Three points on how the initial post-election strategy on financial reform implementation is shaping up:

The GOP's Three As Approach to Regulatory Implementation

I think the best summary of what tactics the GOP will use to disrupt financial reform comes from Jennifer Taub's "Three As" approach. This may be the same approach they'll take with health care. From the pareto commons (my bold):

When Nancy asked whether the GOP could repeal the Dodd-Frank Wall Street Reform and Consumer Protection Act (“Dodd Frank”), I explained that given the Democratic Senate majority and the Presidential veto power, a repeal was highly unlikely. However, I identified ways some members of the GOP might make mischief and weaken the effectiveness of financial reform. I deemed this the “triple A” problem. Appointments. Appropriations. Annoyances.

... Regarding appointments to critical new bureaus and offices created under Dodd-Frank — (think the Consumer Financial Protection Bureau or the Office of Financial Research) – for which the President must seek the advice and consent of the Senate, the Republicans in the Senate can block or stall. Under Senate rules, by filibustering, a single Senator can prevent debate and voting on candidates unless sixty senators vote for cloture — to end the filibuster. Getting sixty votes was already difficult after Senator Scott Brown won the special election in Massachusetts in January. Prior to the midterms, there were only 59 Senators who voted with the Democratic caucus and 41 Senate Republicans. However, as a result of the elections, the appointment process will be even more difficult given that Republicans have picked up at least 6 seats in the Senate.

As for appropriations, Congress controls the budgets for those agencies that are not self-funded. Many fear that this will result in further cuts to already strained budgets at those same agencies tasked both with writing the rules to implement the law and for enforcement of its provisions. Such a result could weaken the already moderate reforms contained in Dodd-Frank.

Agencies at risk include, for example, the Securities and Exchange Commission (SEC) and the Commodities Futures Trading Commission (CFTC). The SEC attempted to get self-funding as part of Dodd-Frank, something especially sensible given that the agency collected in 2009 more in fees and assessments than its current budgetary needs.

Moreover, other similar federal regulators such as the FDIC are self-funded. However, because the SEC self-funding proposal did not survive the legislative process, the agency continues to be at the whim of a changing Congress. To make matters worse, under Dodd-Frank, the SEC is given tremendously more responsibilities with a corresponding authorization to have its budget nearly doubled (from $1.3 billion in 2011 to $2.25 billion in 2015). However, this authorization still requires an appropriation which may be in
jeopardy.

Finally, there is the annoyance tactic. It is expected that once the Republicans take over the oversight committees, agency heads will be brought to testify at numerous hearings, distracting them from the very labor-intensive process of making the hundreds of rules and performing studies mandated under Dodd-Frank.

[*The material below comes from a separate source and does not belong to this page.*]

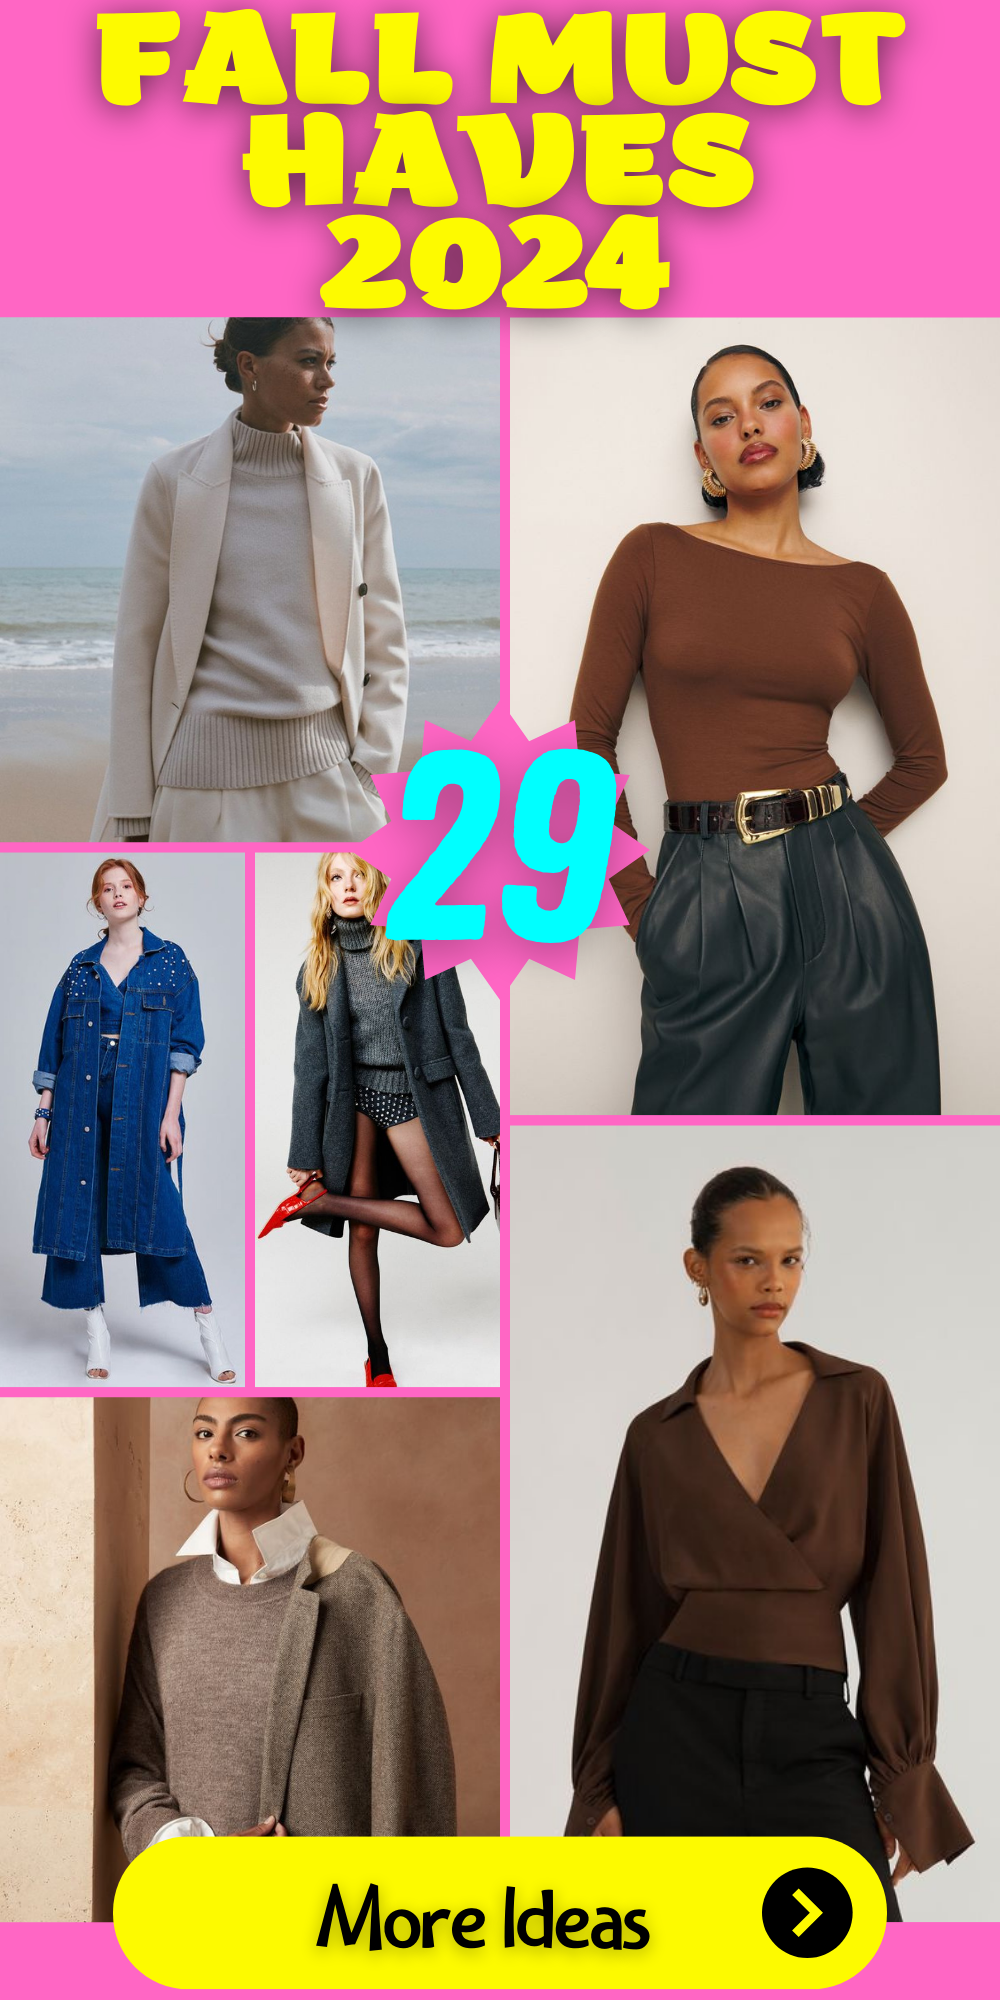 29 Fall Must-Haves for 2024: Essential Fashion and Accessories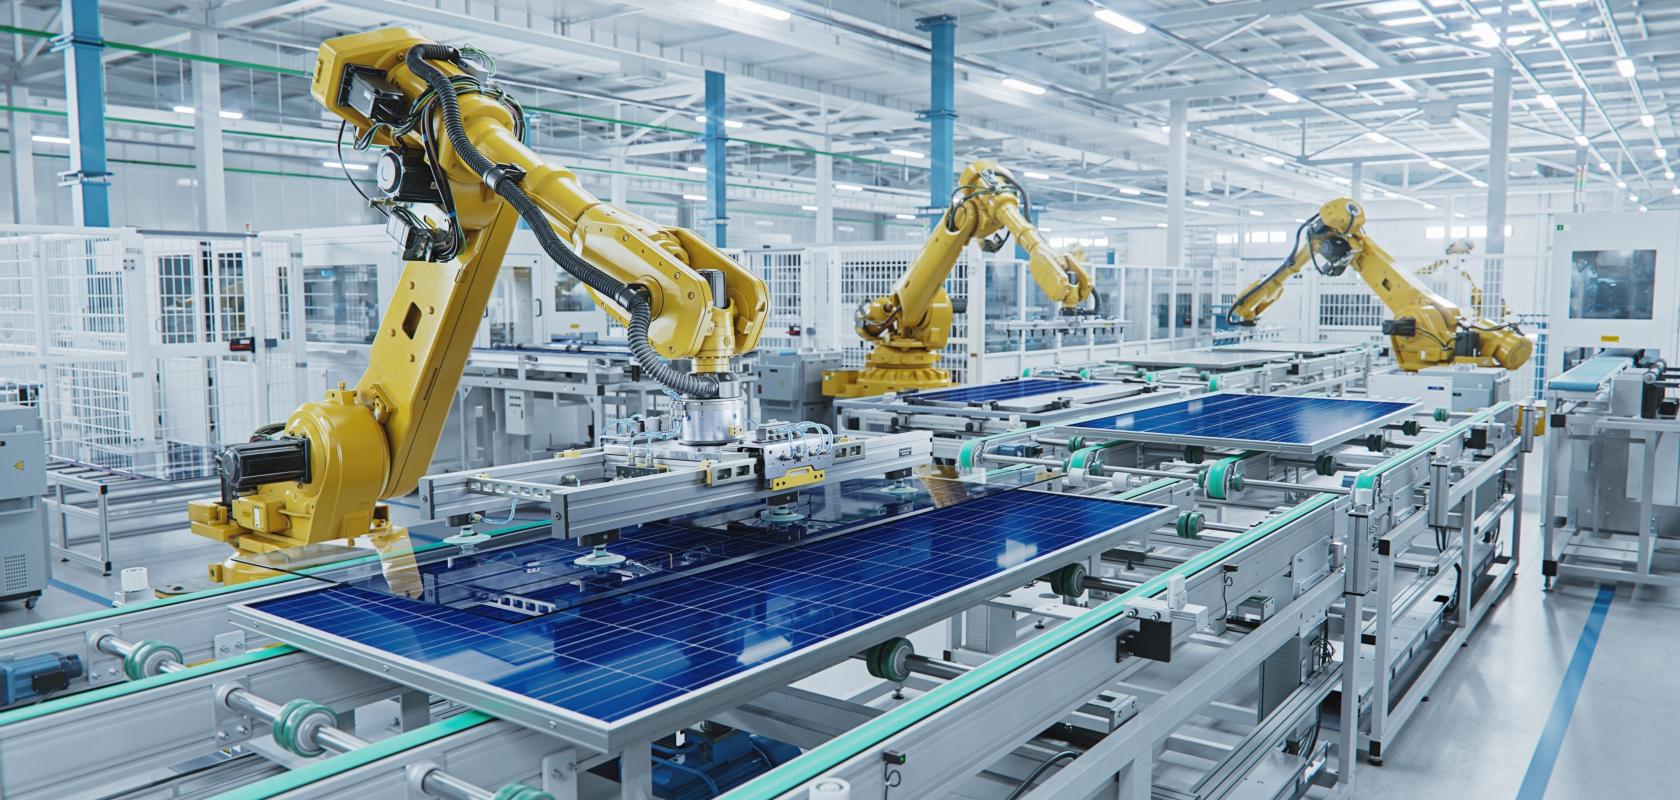 Automated manufacture of solar panels (Credit: IM Imagery/Shutterstock.com)

Yup. Welcome to your new GOP Congress: Appointments.
Appropriations. Annoyances. And a weaker financial reform agenda, and a return to the extremely friendly pro-bank status quo of 2009.

Volcker Rule

There are two stated immediate targets on financial reform. The first is the Volcker Rule. Whether or not the current state of the Volcker Rule is strong is up for debate:

Economics of Contempt quotes a lawyer quoted in Risk Magazine saying, "I’ll be embarrassed if I don’t manage to exempt all your activities from the rule", while the Wall Street Journal this morning notes: "Many bank executives have abandoned their hope that trading on client desks will be untouched by the Volcker rule."

The Michael Barr quotes in the Wall Street Journal article are very encouraging, because, as Felix Salmon notes, the arguments about not letting hedge funds siphon value off a bank charter lest we be at a "competitive disadvantage” are similar to arguments Treasury Secretary Timothy Geithner has made in the past in reference to leverage ratios (we covered that a different time I guest-blogged here). It would be great to see more vocal support of the Volcker Rule's implementation from Treasury over the next few weeks as the GOP starts to plan out its attack strategy on this important piece of reform.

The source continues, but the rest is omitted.